Acredita-se que as pessoas que vivem em áreas rurais, apesar de, em certos aspectos, se mostrarem amigáveis, tendem a ser mais conservadoras politicamente e, de modo geral, menos abertas a novas experiências do que outras. Em contrapartida, os que habitam regiões litorâneas são considerados mais receptivos a novidades, acolhedores com os que vêm de fora e têm uma atitude mais leve, frequentemente mostrando entusiasmo ao apresentar sua terra natal. Normalmente, aqueles que nasceram à beira-mar e se mudam para outras localidades mantêm uma ligação tão forte com seu lugar de origem que frequentemente são atraídos de volta.

Os estudiosos afirmam que essa conexão se deve à sensação de liberdade e infinitude que o mar aberto proporciona, além de sua beleza visual. O poder imensurável do mar, que apela aos sentidos e emoções, e a profunda relação com a água desde o nascimento podem ser razões significativas pelas quais os moradores do litoral preservam essas características.

A Bucólica Natal do final da década de 1970 e início da ´decada seguinte pouco tinha de diferente da cidade em 1973. Na foto a Avenida Deodoro, próximo ao antigo Cinema Rio Grande e da lacnchonete Casa da Maçã.

Sinceramente, não sei se tudo isso explica uma das coisas que mais admiro no povo da minha querida terra: a forma tão positiva, franca e acolhedora com que recebemos aqueles que nos visitam. Essa hospitalidade não é algo recente em Natal, nem é fruto do crescimento do nosso turismo.

Entretanto, essa maneira de ser dos natalenses pode se tornar um fator de risco quando aqueles que aqui chegam trazem consigo uma extrema ignorância sobre como nos tratar, desembarcando carregados de preconceitos, racismo, pedantismo, sentimento de superioridade e outras atitudes deploráveis. Infelizmente, muitos que nos visitam se aproveitam da nossa hospitalidade, buscando sempre levar vantagem, praticando fraudes e nos traindo.

Restaurante no alto da Ladeira do Sol na década de 1970.

Há 53 anos, ocorreu um caso que marcou a cidade e se tornou notícia nacional!

O Filho do Ministro

Ele era moreno, andava bem vestido, não era tão alto, tinha cabelos pretos e bigodes bem aparados, entre 28 e 30 anos, e possuía uma ótima conversa. Apresentou-se como nascido no Rio de Janeiro e mostrou documentos com o nome Roberto Toniato Passarinho Filho. Assim, as portas da bucólica cidade de Natal se abriram para ele.

Jarbas Passarinho como Ministro da Educação, em 1973 – Fonte – https://pt.wikipedia.org/wiki/Jarbas_Passarinho – Esta imagem é parte do Fundo Agência Nacional Série FOT Subsérie PPU

O sobrenome Passarinho e o contexto da época explicam tudo! Estamos em 1973, um período difícil sob o regime militar instaurado em 31 de março de 1964. Uma das figuras políticas de destaque naquele tempo era o coronel de Artilharia Jarbas Gonçalves Passarinho, que já havia exercido cargos como governador do Pará (1964-1966) e ministro do Trabalho (1967-1969). Em 1973, ele ocupava o cargo de ministro da Educação no governo do general Emílio Garrastazu Médici.

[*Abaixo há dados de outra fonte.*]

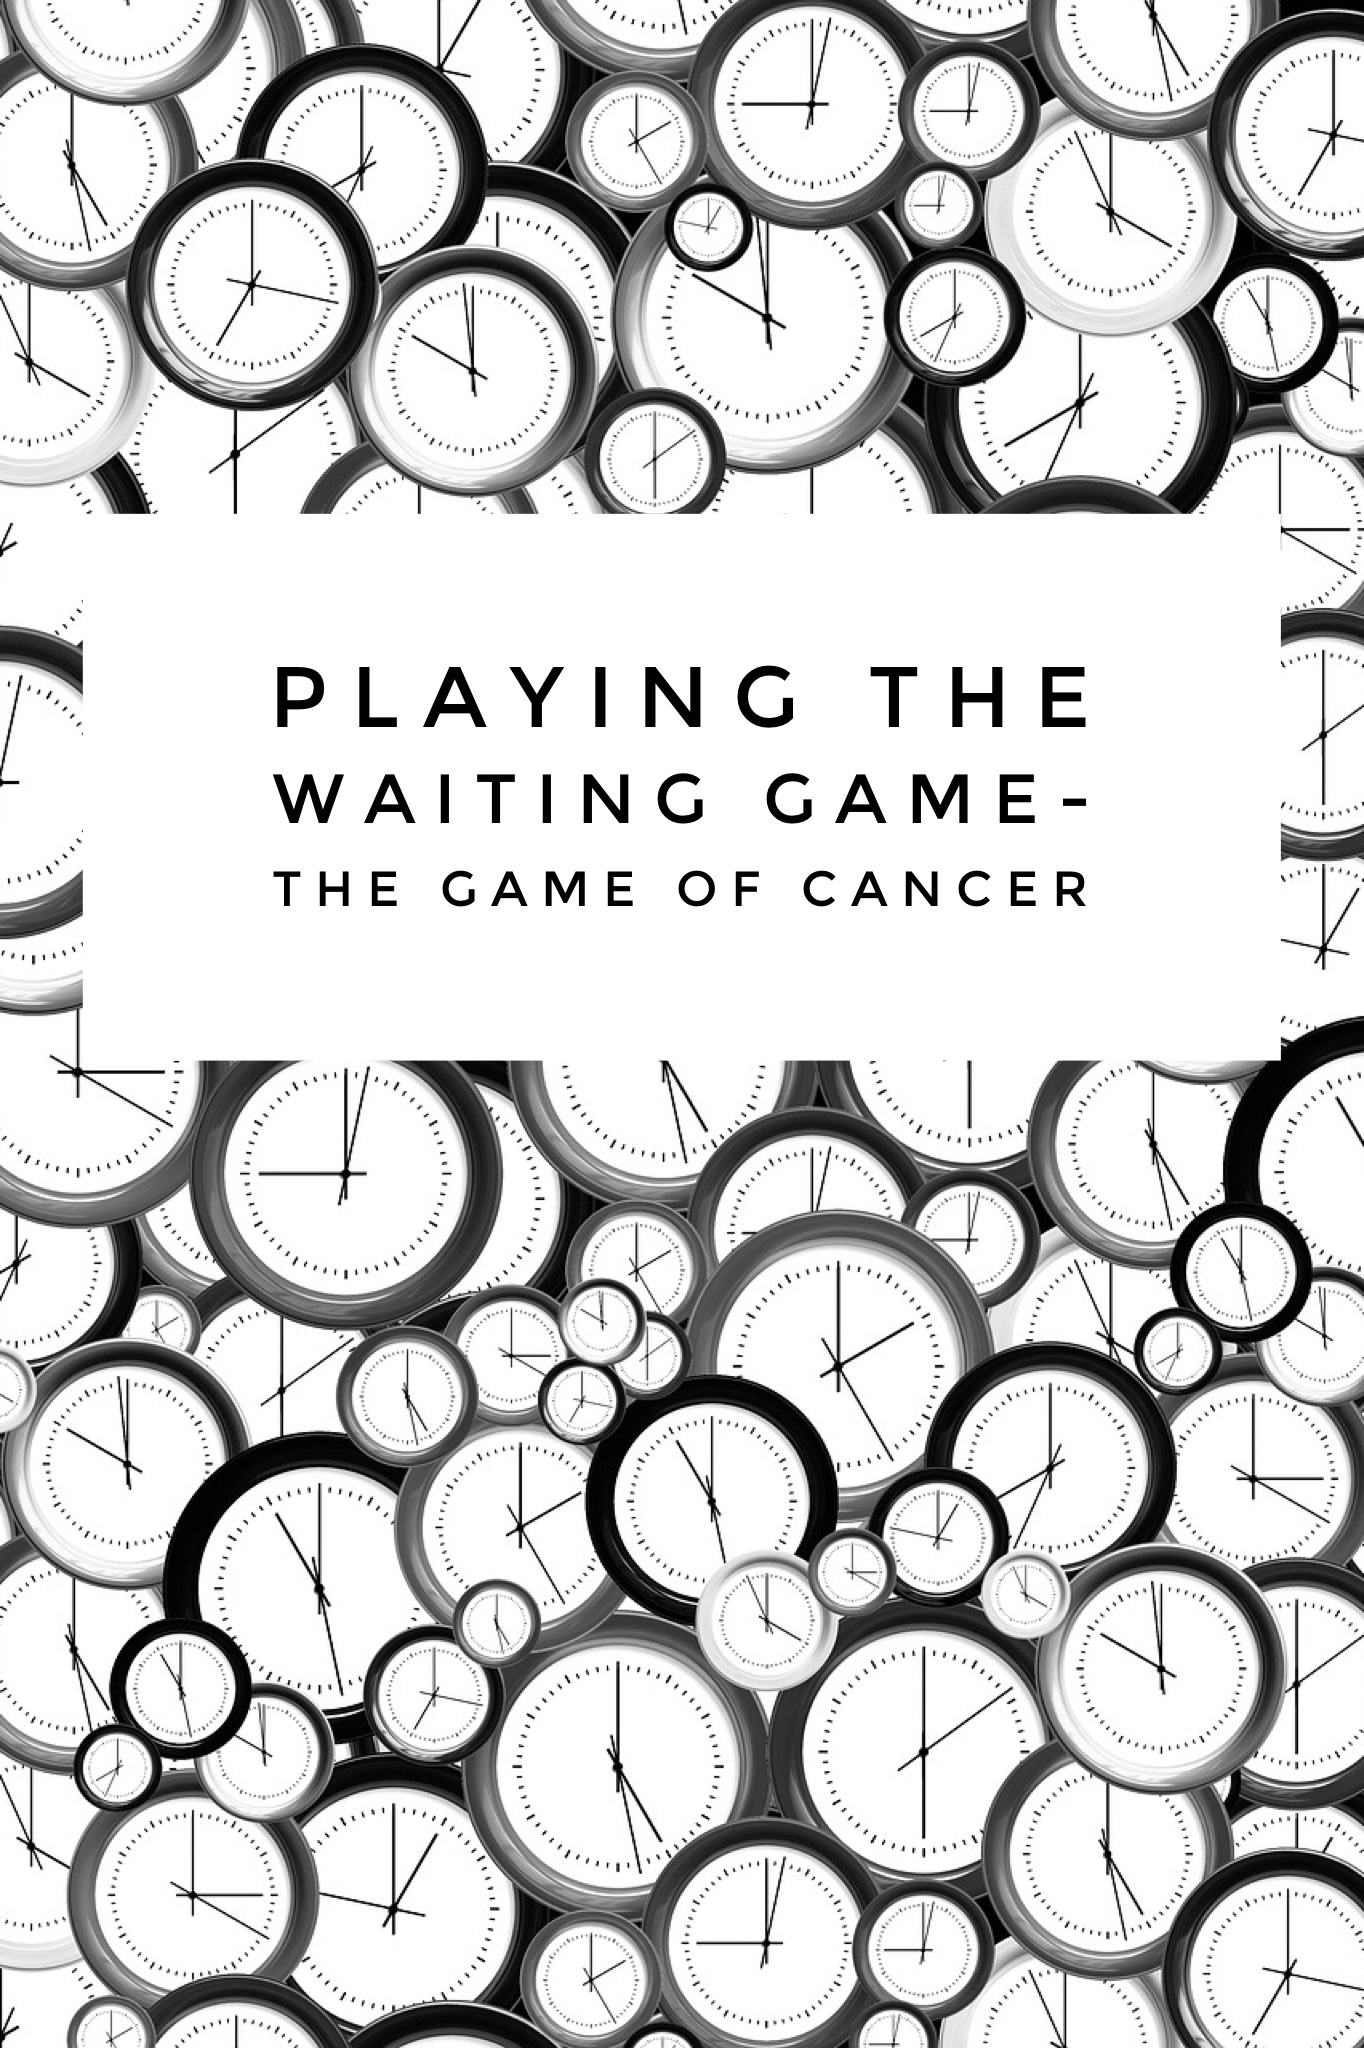 Playing The Waiting Game-The Game Of Cancer

Naquele período de medo e submissão no Brasil, encontrar alguém com o sobrenome “Passarinho Filho” na carteira de identidade certamente surpreenderia qualquer um. Provavelmente, foi assim que aconteceu na manhã de sexta-feira, 7 de dezembro de 1973, quando o recepcionista Toinho viu aquele sobrenome importante na ficha de entrada do novo hóspede do Hotel Reis Magos, o melhor da cidade na época.

Segundo Toinho, que comentou no jornal Tribuna do Norte (edição de 13/12/1973), o “filho do ministro” disse que “estava de férias em Natal” e que, mesmo sendo filho de ministro, não queria chamar a atenção. Para corroborar sua identidade, uma moça ligou para a recepção do hotel perguntando pelo “filho de Jarbas Passarinho”. Toinho, sem hesitar, acomodou aquele importante visitante no apartamento 308, um dos melhores do hotel, com uma bela vista da Praia do Meio, em plena Avenida Café Filho.

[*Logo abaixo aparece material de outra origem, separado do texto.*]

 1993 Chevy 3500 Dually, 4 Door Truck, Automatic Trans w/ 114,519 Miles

O belo e majestoso Hotel Reis Magos, infelizmente demolido em janeiro de 2020 – Fonte – Facebook

Golpe do Volks

Após se acomodar, Roberto Passarinho Filho começou a solicitar que a recepção realizasse uma série de ligações para comerciantes da cidade e pediu whiskies das melhores marcas internacionais. Como não havia no bar do hotel as garrafas que ele desejava, o homem se contentou com uma garrafa verde e quadrada do tradicional whisky Passport. Provavelmente, ele também degustou um delicioso prato de frutos do mar como tira-gosto, talvez uma suculenta lagosta, crustáceo abundante em nosso litoral.

Na sequência, aquele elemento preencheu um cheque do antigo Banorte (Banco Nacional do Norte) de Recife, no valor de 2.000 cruzeiros, a moeda corrente da época. Ele pediu a Toinho para trocar o cheque por dinheiro vivo e, como ninguém ousaria negar algo ao filho de um dos ministros mais importantes do complicado governo militar, o novo visitante passou o final de semana à vontade. Descobri nos jornais que, naquele ano de 1973, essa quantia era a média de lucratividade anual de um produtor de leite no Seridó com um plantel de seis vacas.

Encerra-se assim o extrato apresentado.